There was one thing I liked with implications about the backstory of the Sith, though. If Palpatine could reincarnate in another person's body by allowing them to strike him down in hatred, and Palpatine is the leader of the Sith, is this literally all that the Sith are? This one power-hungry spirit body-hopping across the millennia, spreading his message of giving into hate so that he had plenty of host bodies to choose from? It's such a clever idea that casts the scene between Luke and the Palpatine in Return of the Jedi in a new light that I'm thoroughly convinced the writers did it by accident.

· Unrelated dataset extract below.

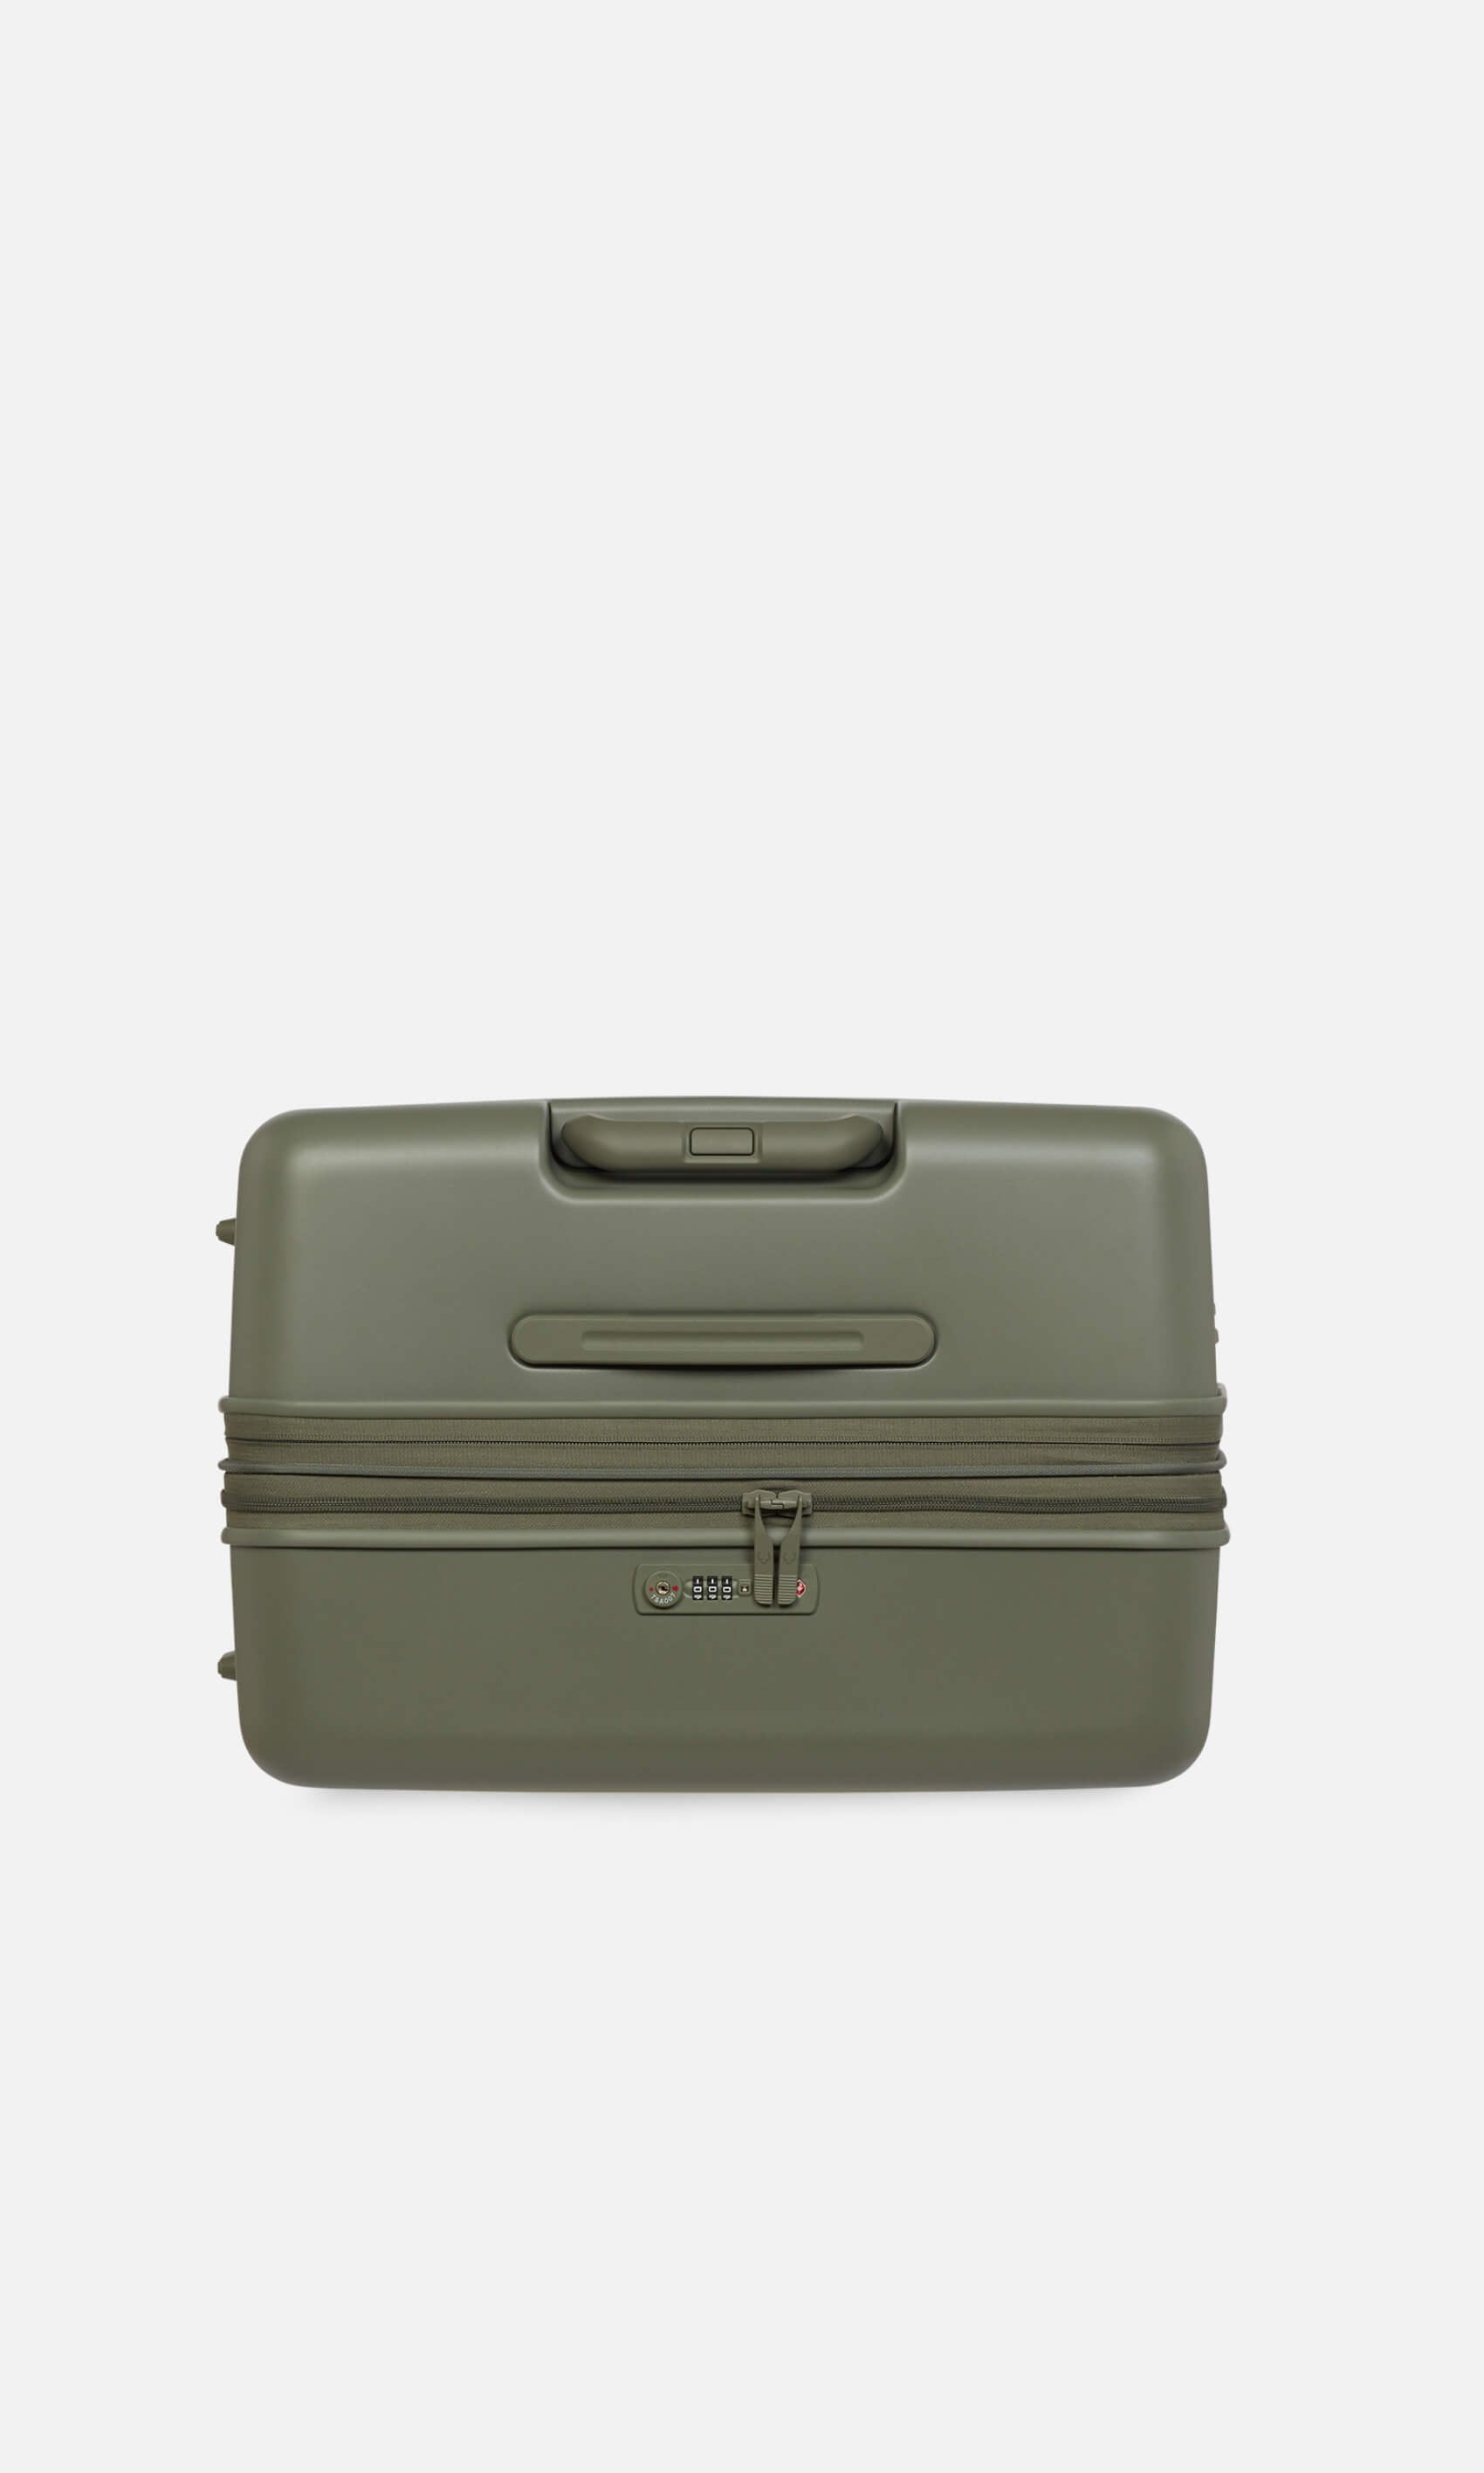 Antler Luggage -  Stamford large in field green - Hard Suitcases Stamford Large Suitcase Green | Hard Luggage | Antler

In fact, there's an idea that could have made the movie better. Combine the Force Healing and the idea of Palpatine's body hopping: Rey reads the books from the Jedi temple save one, since it begins with a warning that goes something to the extent of "Reader beware. This book contains skills that can lead one down the path of the Dark Side." Rey is already established to be terrified of turning to the Dark Side, so she avoids reading it. However, the rebellion is desperate, and she eventually decides that they need every edge they can get. So she reads it and discovers Force Healing. At first she is confused since the power seems utterly benevolent. She remains confused until she sees Palpatine and his legions of deformed constructs, revealing exactly why knowledge of life force manipulation was forgotten.

There. I've written a better plot than the movie actually had.

If I had to rank the sequel movies from best to worst, I'd do it as follows:

The Last Jedi: 7/10 (If you don't like it, go get your own opinion.)
The Force Awakens: 5/10 (It's a movie that exists)
The Rise of the Skywalker: 4/10 (If you gave a monkey a can of spray sealant and let him shoot it around the room at random he'd plug more plot holes than the writers did.)

While I enjoyed Last Jedi the most, I can also see that it's where the cracks really started to form. I don't think it was unrecoverable. If the studio had seen the writing on the walls and given the last movie to a talented, passionate director and then not meddled with their decisions, I think that it could have been saved. But alas, it was not to be.